Your instructions: Extract each line of the material that follows exactly and omit its pictures.

Information supplied:
● ● ●
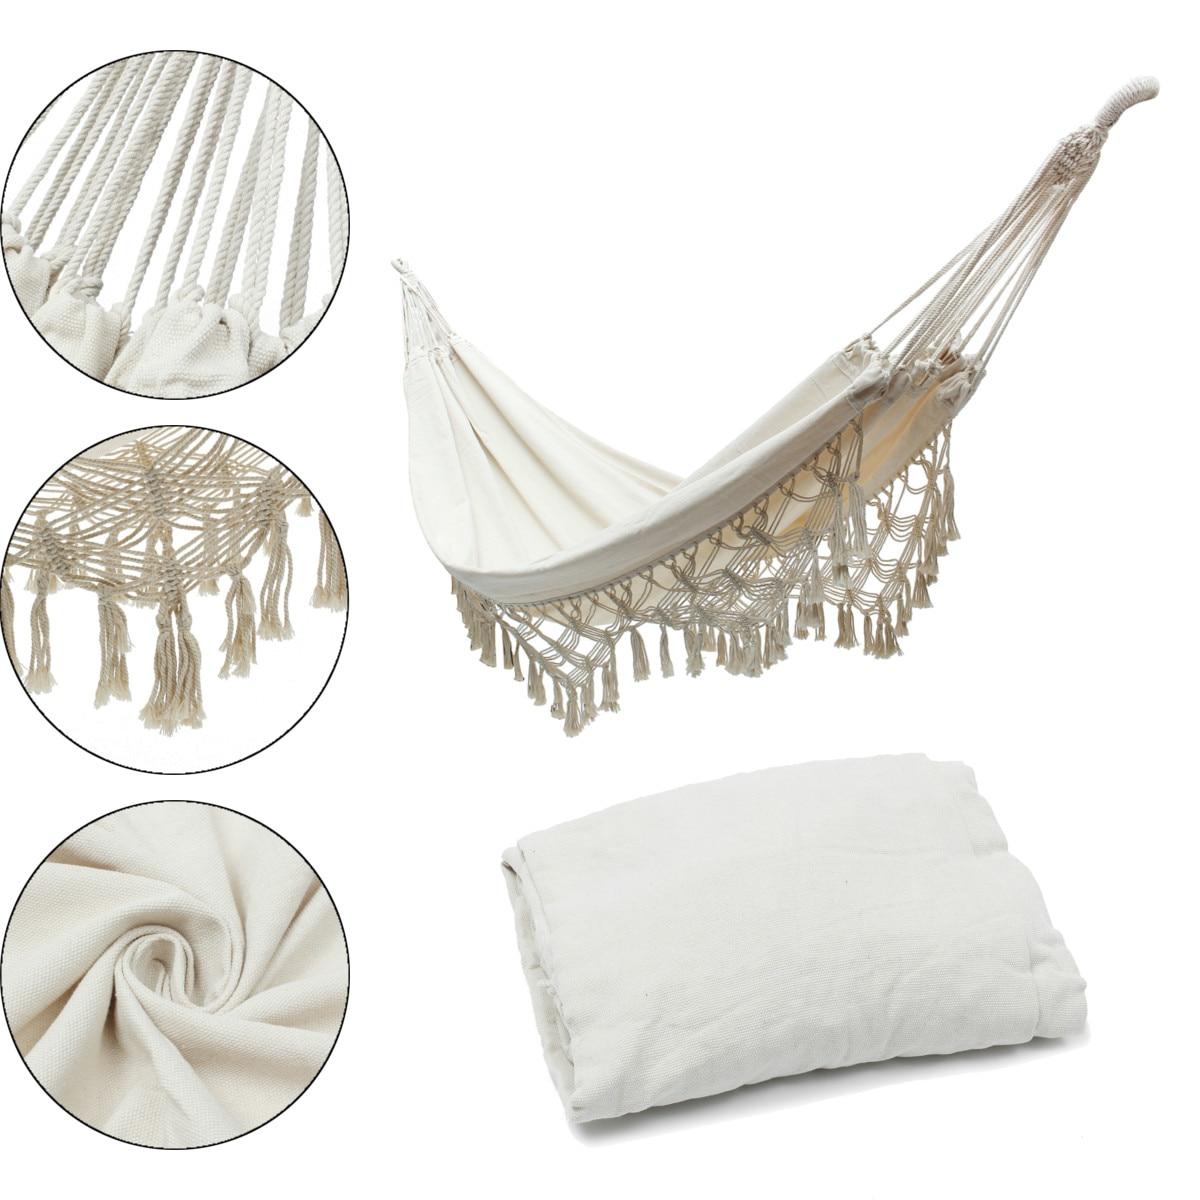 Nouveau hamac chaises balançoire jardin extérieur maison blanc coton corde maroc macramé hamac chaises balançoire Yard loisirs suspendu lit
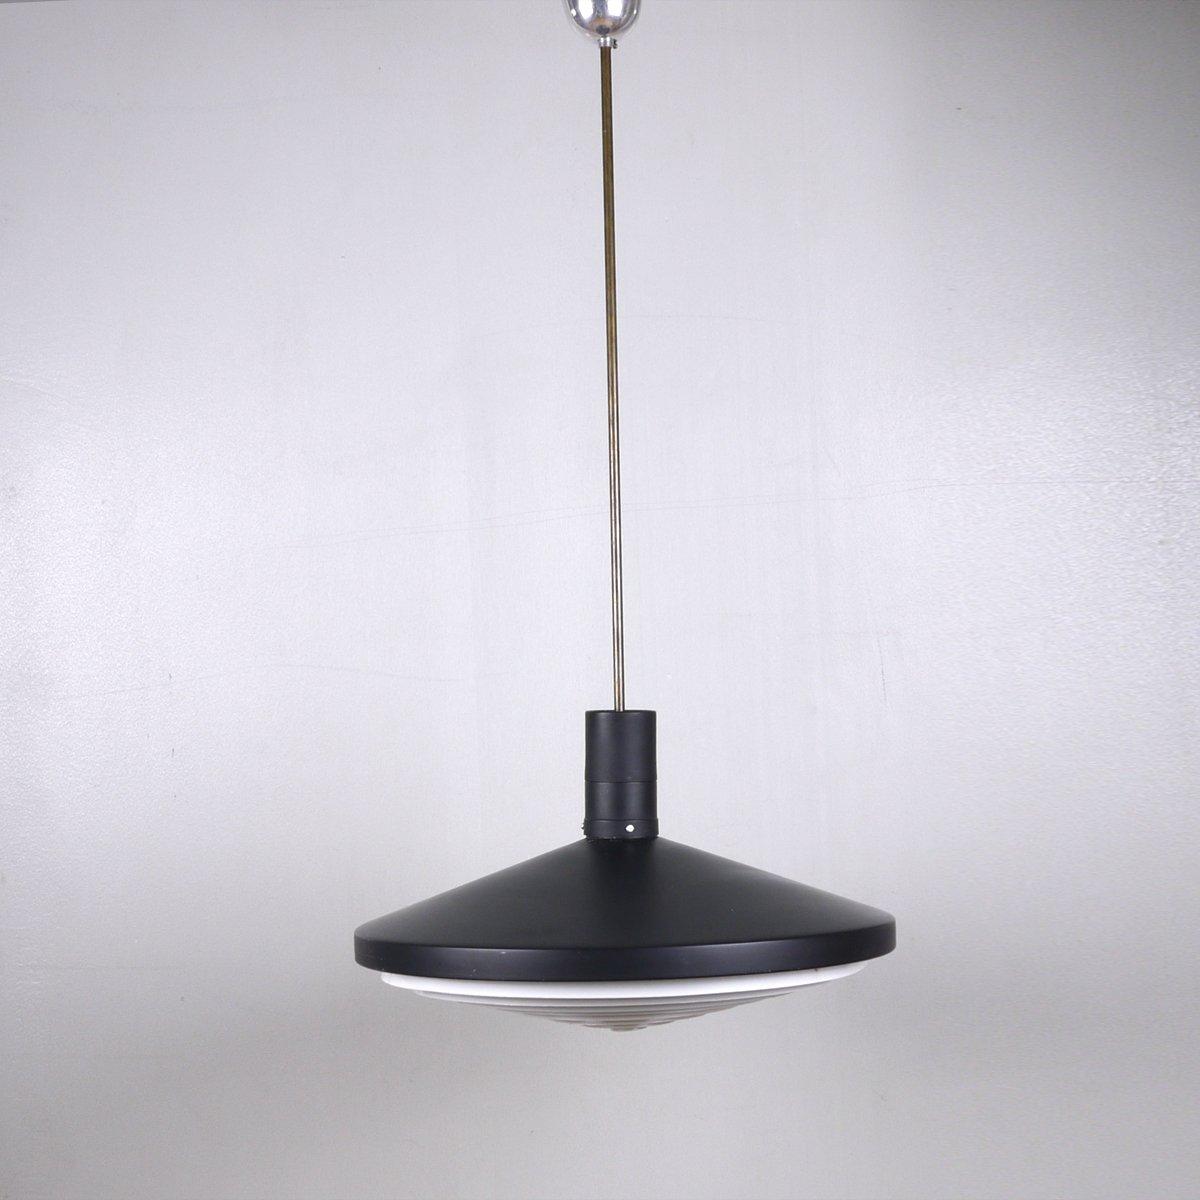 scheibenf rmige industrielle mid century metall h ngelampe in schwarz und wei bei pamono kaufen. Black Bedroom Furniture Sets. Home Design Ideas
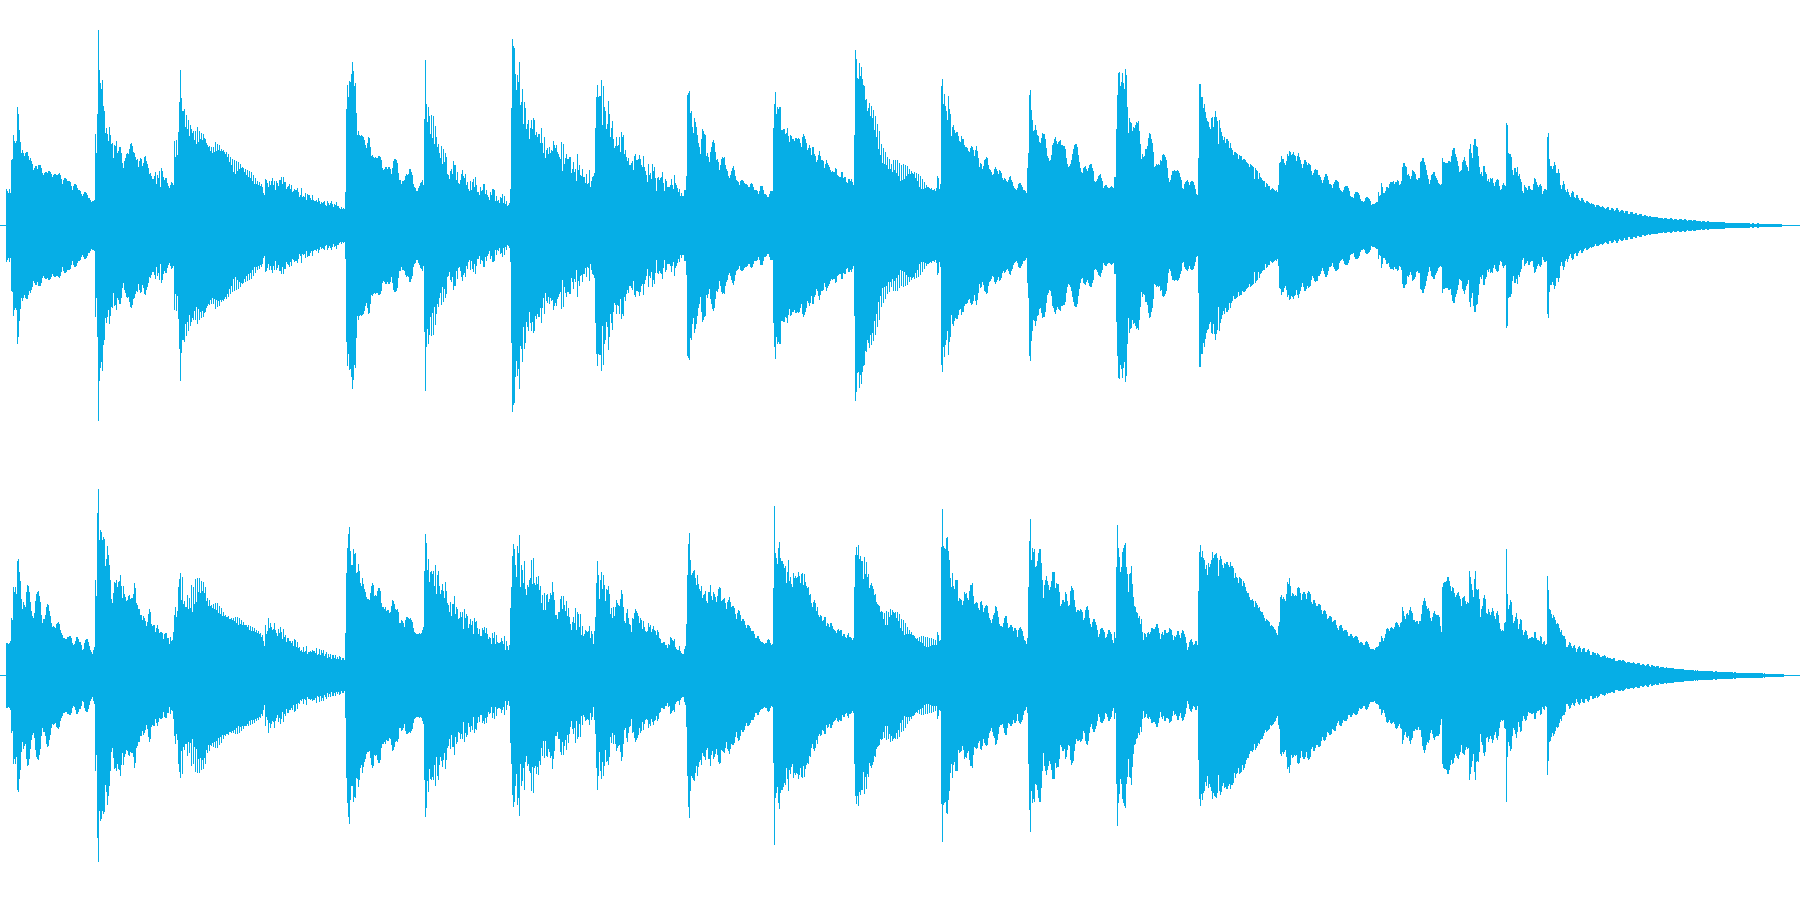 優しさ、よかったね、ピアノとキラキラでの再生済みの波形
● ● ●
Result of this exercise:
 Nouveau hamac chaises balançoire jardin extérieur maison blanc coton corde maroc macramé hamac chaises balançoire Yard loisirs suspendu lit
 scheibenf rmige industrielle mid century metall h ngelampe in schwarz und wei bei pamono kaufen. Black Bedroom Furniture Sets. Home Design Ideas
 優しさ、よかったね、ピアノとキラキラでの再生済みの波形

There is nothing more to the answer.